I love her “Black Parade” enough to have bought a copy, but in general I seem to be turning into some kind of weird Beyonce truther or something—recognize her preeminence and mostly appreciate her public presence but just don’t dig her music the way many will feel I should. Tuning in on Spotify at your behest, I found the Lion King music so cutesy, disjointed, and plot-specific that I only got through six or seven tracks (and yes, I went back and checked just to make sure I hadn’t just been in a bad mood the first time). Far as I’m concerned, comparing it to the carefully sequenced Black Panther soundtrack is almost incomprehensibly silly. And let me also say that I am very much disinclined to check out her or anyone else’s music-you-can-only understand-when-watching-the-visuals. I don’t review videos, period, and am old and established enough to remain quite the crank about it.
Any thoughts on “WAP” by Cardi B and Megan Thee Stallion and the media's reaction? — James, Liverpool
What’s not to like? I’m definitely a Cardi B fan, and while I’ve always found Megan a little macho, her recent assault experience has focused her mind considerably. So if these two established female rappers, a welcome and uncommon thing in itself, want to turn generations of big-dick mythos inside out, I say both yum and more power to them. As for media reaction, I don’t know what’s happening in the U.K. but nobody I take seriously over here has complained enough to get my attention (although it’s true that I ignore ignoramuses so steadfastly that “media reaction” often escapes my attention altogether). Your question did, however, remind me to watch the video, which I did with pleasure four-five times: witty, visually deft, and definitely sexy despite and sometimes because of its inevitable exaggerations—loved the big cats. I must add, however, that logocentric as I am I continue to find City Girls’ “Pussy Talk” sexier. Should no doubt check out the video on that one too. (P.S. Just did—waste of time.)
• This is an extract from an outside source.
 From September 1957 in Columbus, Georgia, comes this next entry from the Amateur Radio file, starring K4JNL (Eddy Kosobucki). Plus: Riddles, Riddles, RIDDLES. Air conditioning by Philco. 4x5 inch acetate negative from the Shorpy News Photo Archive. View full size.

Hello, very much appreciate you Bob but this question is for Carola. I’m interested to know what brought you to select Madonna’s Immaculate Collection in your recent list for Rolling Stone’s 500. I ask because it indicates a change in opinion since the letter you wrote in 1992 for Ann Powers and Evelyn McDonnell. I won’t quote the letter because I don’t want to misrepresent it and I understand it covers more than just Madonna, but I’m curious to know the motivations for your selection and what, if anything, changed your mind on her. — James Kean, Liverpool U.K.
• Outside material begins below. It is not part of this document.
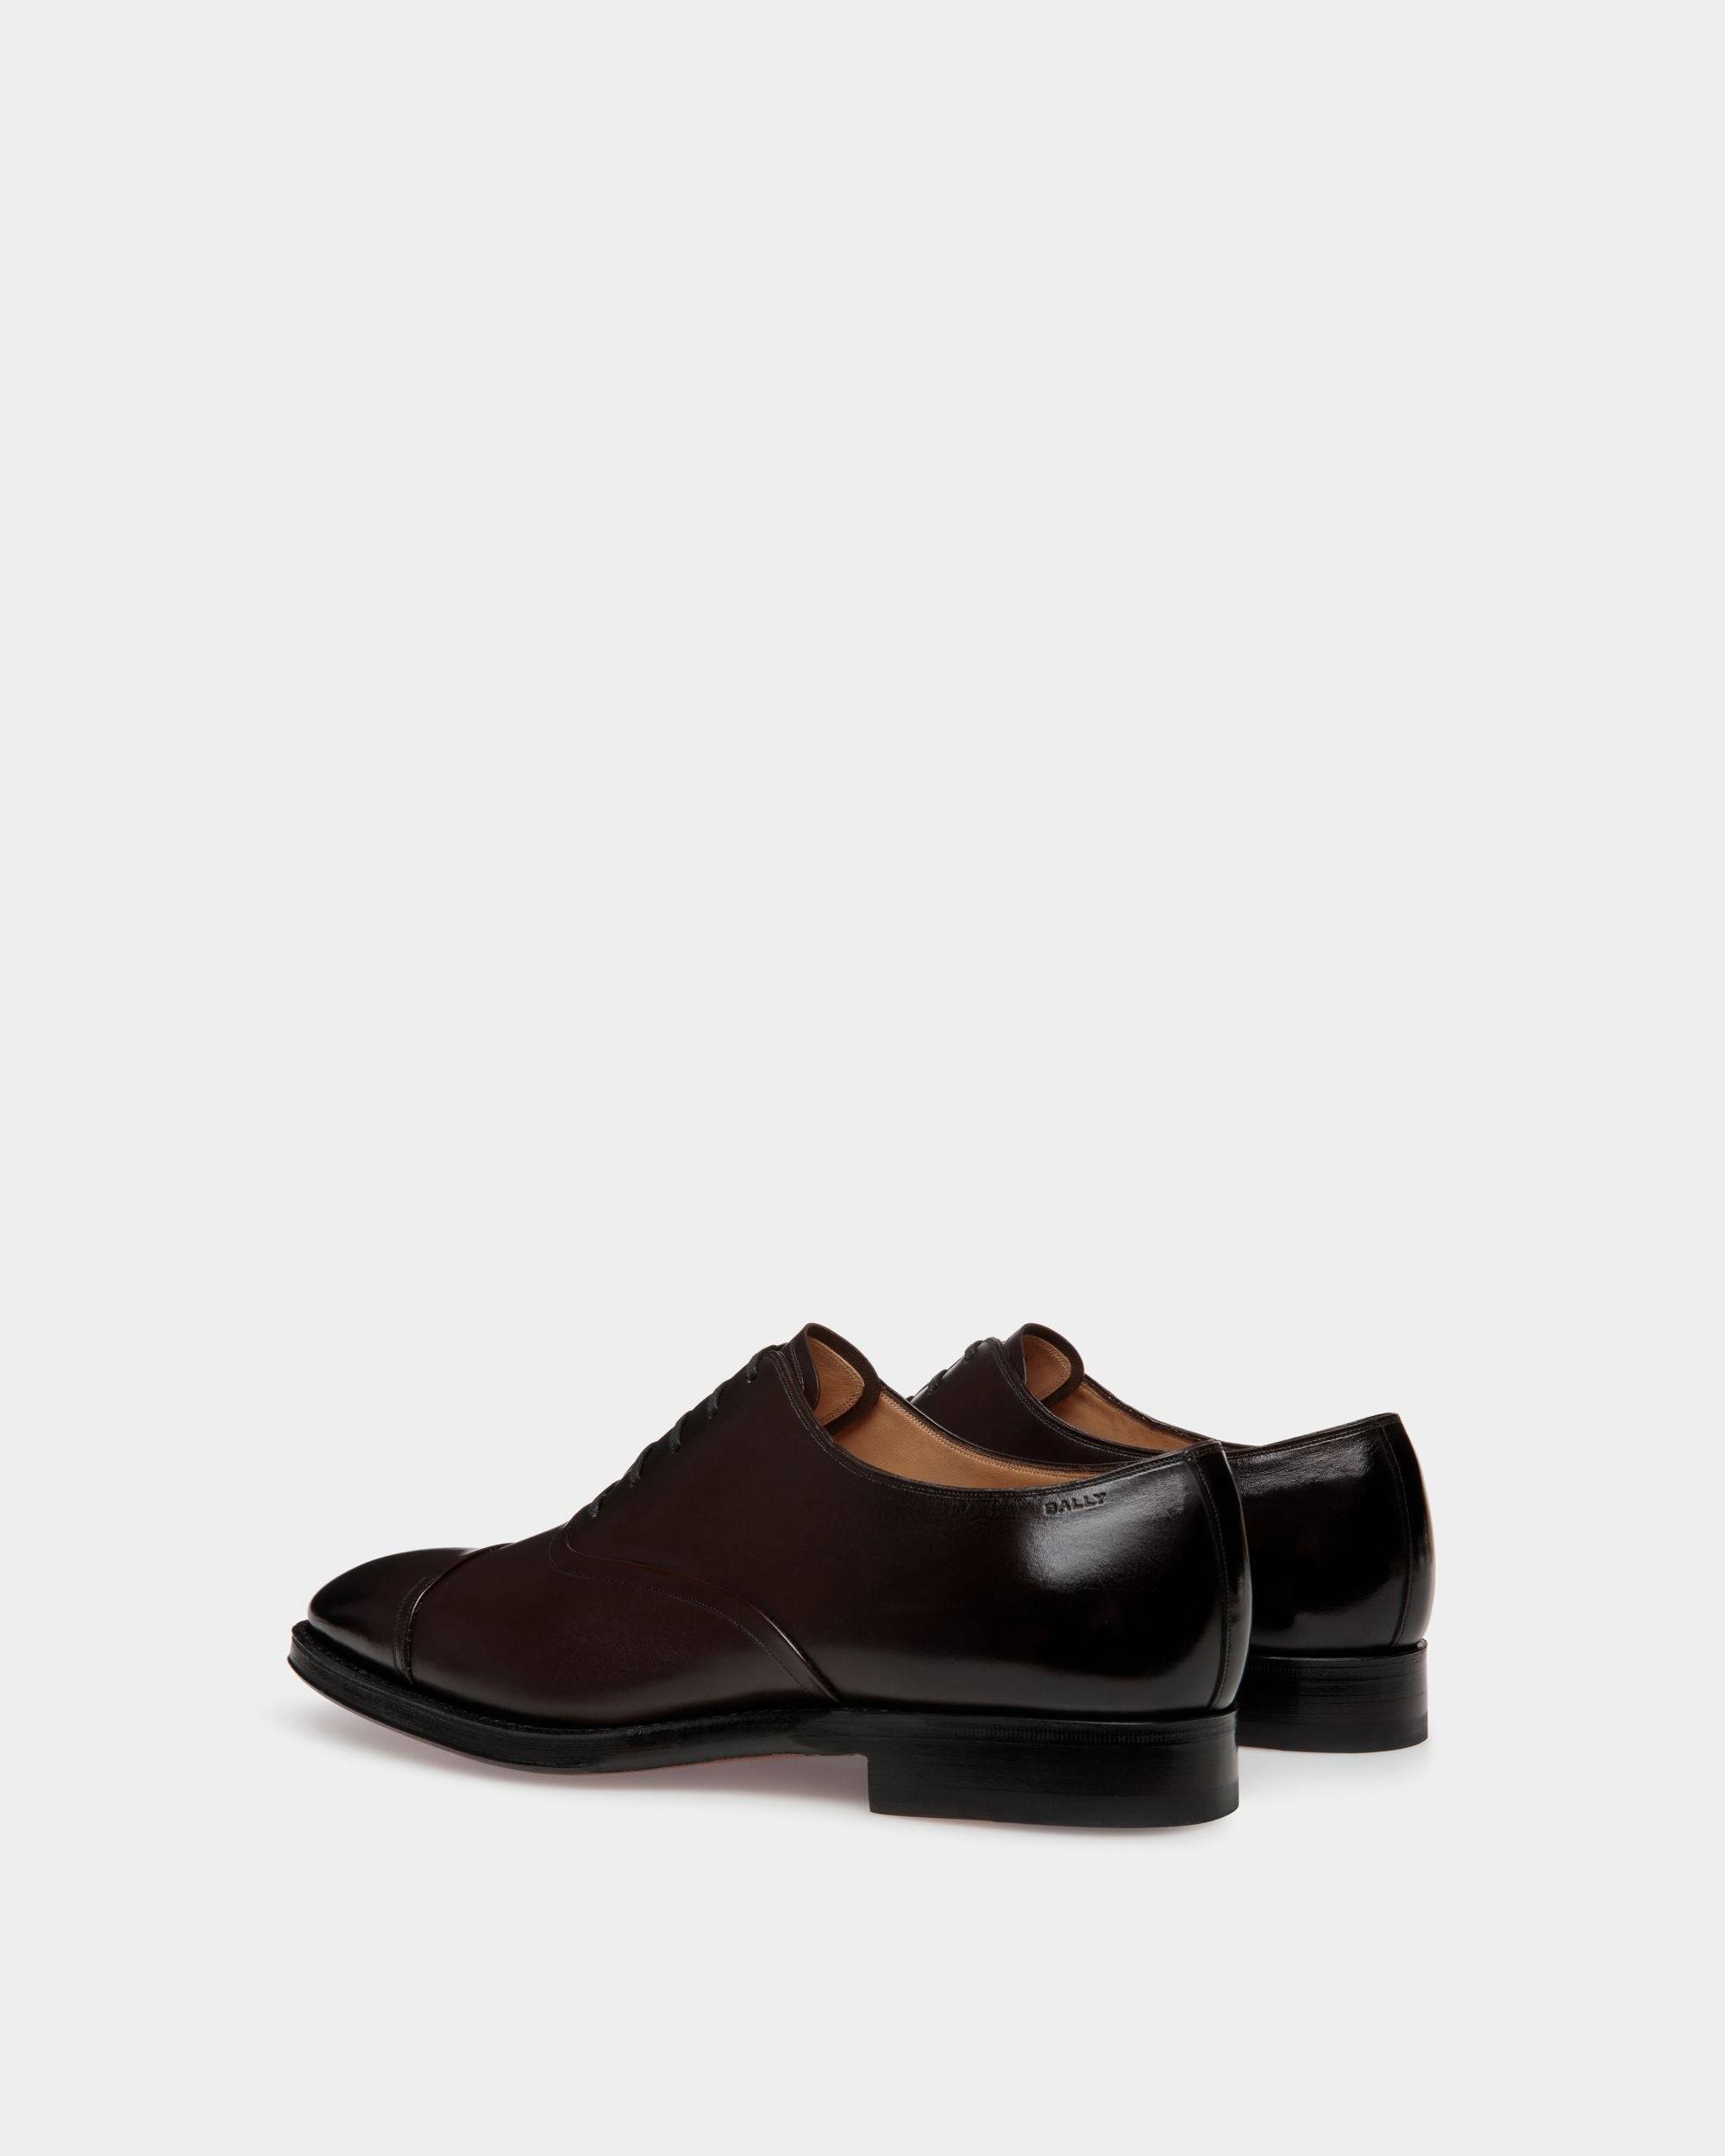 Selby | Men's Oxford Shoes | Brown Leather | Bally | Still Life 3/4 Back

Carola Dibbell writes: Thanks for noticing things I said so long ago about Madonna. My daughter, a big fan even as a toddler (when she called Madonna “Mmm”), eventually won me over. While I’ve never considered Madonna a feminist hero, I’ve come to savor many of her songs—and yeah, that’s a lot about the beats, the arrangements, but whether she’s doing baby talk or throaty woman she does own them. While I pondered your question, Bob put on Immaculate Collection. “Holiday” opened and everything else stopped—the track had me with Jellybean Martinez’s 30-second intro before Madonna opened her mouth. Then there were “Cherish,” “Vogue,” “Live to Tell”—but not “Deeper and Deeper,” a favorite of mine from Erotica, which came out two years after the compilation.